Она любит посидеть одна в высокой влажной траве в саду. В
такие минуты она смотрит вдаль и пытается представить, кто шел по этой старой
дороге под сенью восемнадцати кипарисов в далекие времена.
Однажды она находит в саду сливу, очищает ее и кладет в
карман платья, чтобы отнести английскому пациенту. Когда он просыпается, она
наклоняется над ним и кладет мякоть сливы ему в рот. Он всасывает ее, словно
воду, при этом челюсть остается неподвижной. Она видит, как он проглатывает ее.
Кажется, он готов кричать от удовольствия.
Он поднимает руку и пальцем стирает с губы каплю сливовой
мякоти, которую не может слизать языком, потом кладет палец в рот и сосет его.

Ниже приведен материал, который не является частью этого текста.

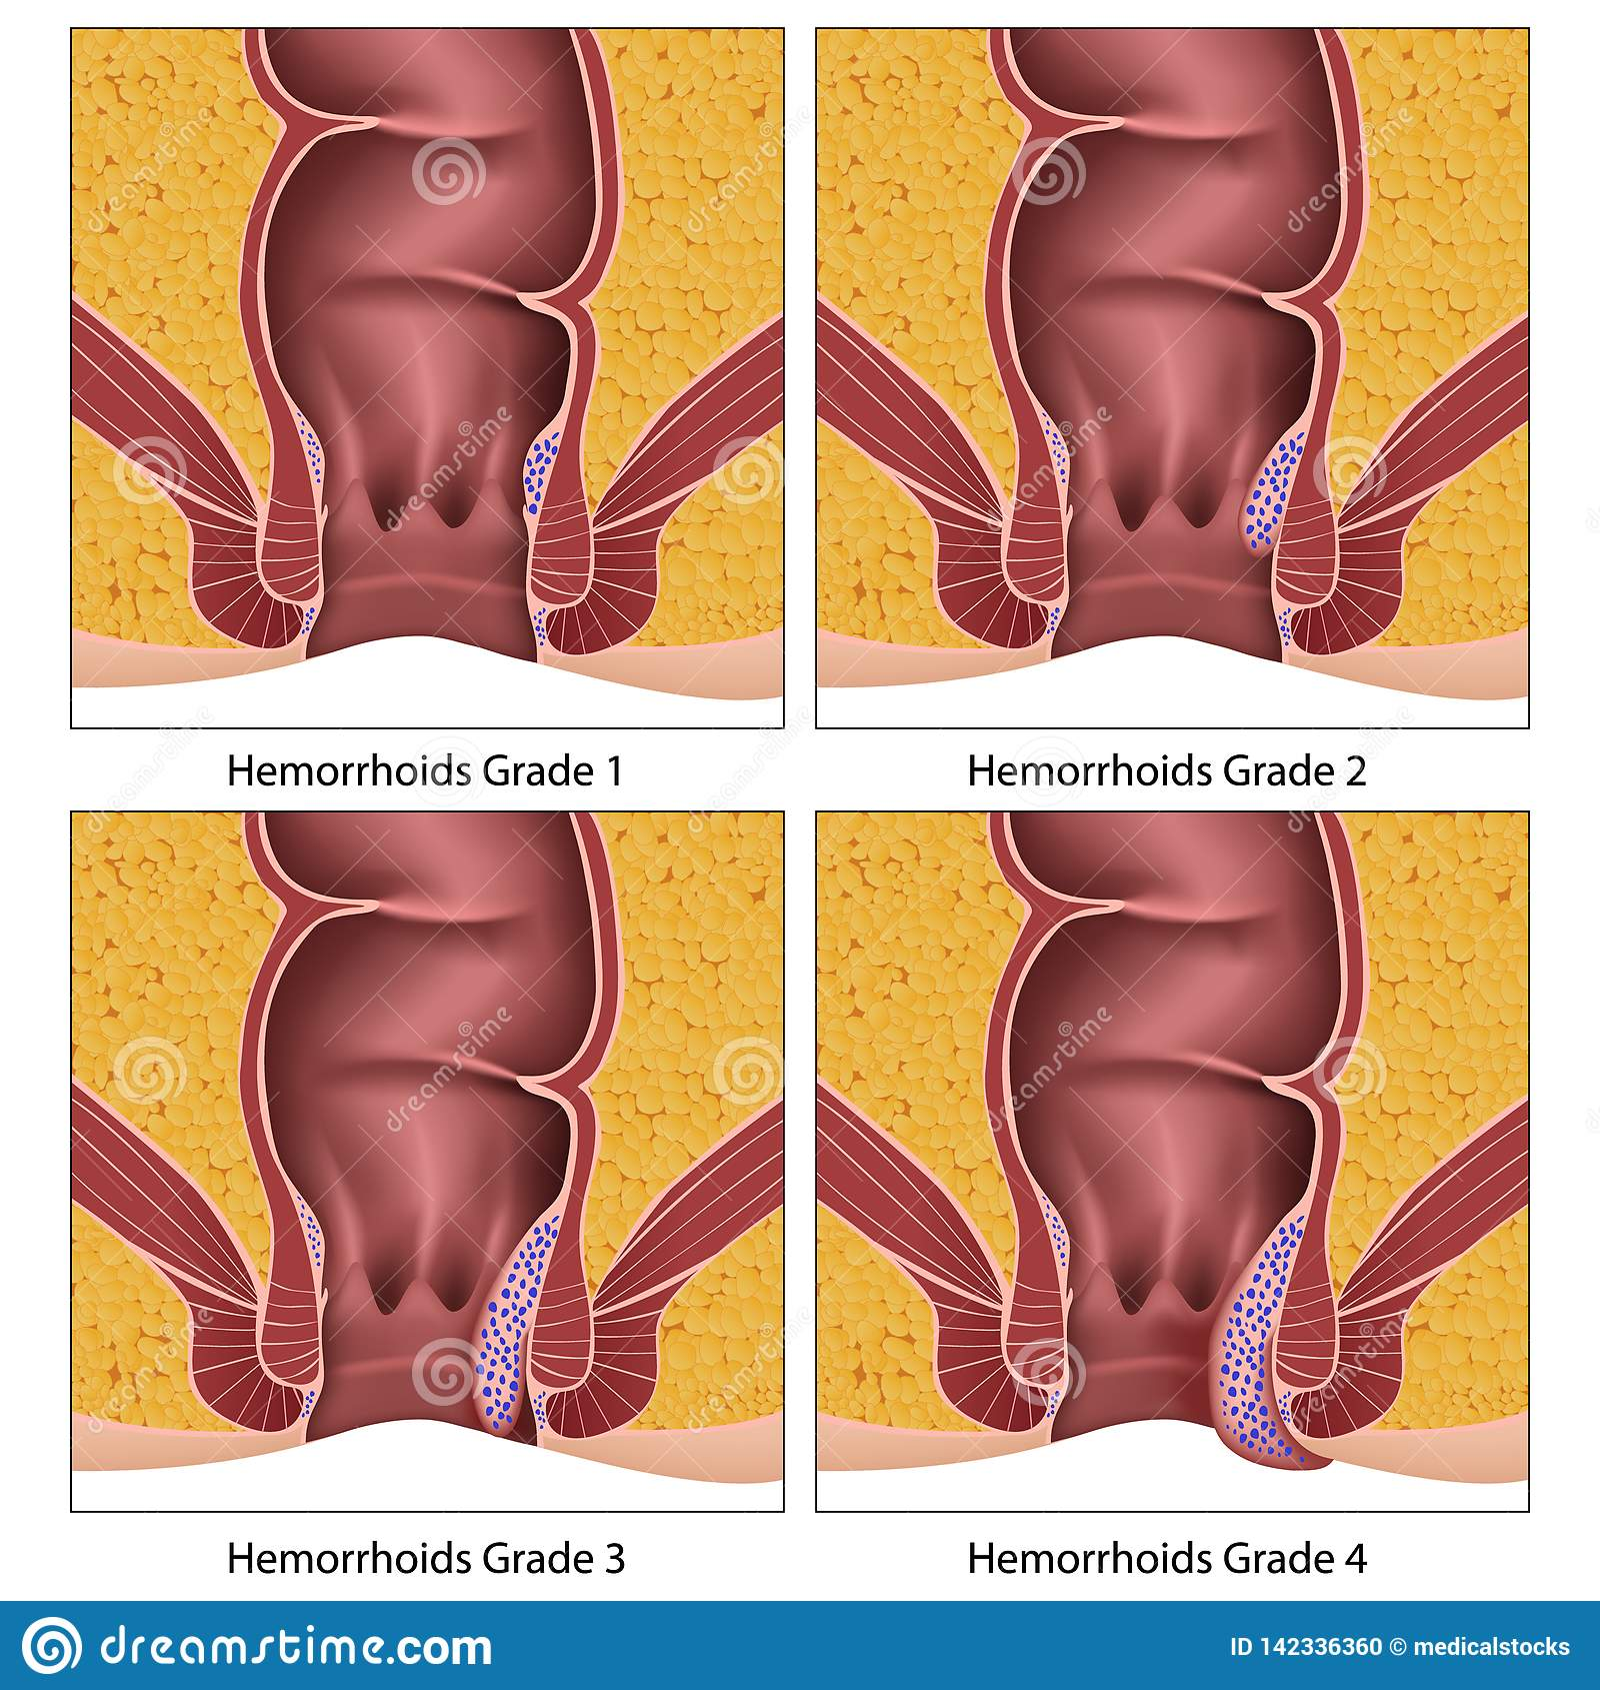 Hemorrhoids grade anatomy education info graphic on white background

– Давайте я расскажу вам о сливах, – говорит он. – В
детстве я…
Когда они остались на вилле вдвоем с английским пациентом,
было еще холодно, и им пришлось сжечь почти все кровати. Как-то в одной из
комнат она нашла старый солдатский гамак и стала им пользоваться. Каждый вечер
она выбирала комнату, которая ей приглянулась, вбивала в стену гвозди, вешала
гамак и засыпала, покачиваясь над отбросами, водой и грязью на полу, не боясь
крыс, которые в последнее время начали появляться здесь. Каждую ночь она
забиралась в этот гамак, который, вероятно, еще помнил своего хозяина, одного
из ее бывших пациентов, скончавшегося от ран.
Пара теннисных туфель и гамак – вот все, что она взяла у
других в этой войне. Сняв платье и повесив его на гвоздь, забравшись в гамак и
накрывшись старой кофтой, она спит, изредка просыпаясь по ночам от полоски
лунного света, которая скользит по потолку. Сейчас стало теплее, и она спит в
этом гамаке. Уже нет нужды сжигать стулья и кровати.
Ее гамак, туфли и платье. Она чувствовала себя в
безопасности в этом маленьком мире, который сама создала; двое мужчин казались
далекими планетами, каждый на своей орбите памяти и уединения.
Караваджо, друг ее отца в Канаде, любимец женщин. Он с
легкостью разбивал их сердца, не прилагая особых усилий, вызывая настоящий
переполох среди них и добровольно отдавая себя. Сейчас он уже не тот. В той,
довоенной жизни он был вором-одиночкой, потому что не доверял мужчинам. Он был
общительным, любил поговорить с мужчинами, но предпочитал женское общество и
быстро попадал в умело расставленные женские сети. Когда она, бывало, рано
утром, крадучись, возвращалась домой, она видела, как он спит прямо в кресле ее
отца, измученный и усталый от ночной работы или очередных любовных похождений.
Караваджо принадлежал к людям, которых нужно было крепко
обнять и не отпускать, чтобы они не убежали, а самой ущипнуть себя, чтобы не
потерять рассудок в его обществе. Нужно было держать его за волосы, как
утопающего, иначе он потянет вас за собой. Или вы увидите его, идущего вам
навстречу по улице и уже готового помахать вам рукой, но вдруг он перепрыгнет
через стену – и был таков, исчез на месяцы. Он был не очень хорошим дядюшкой.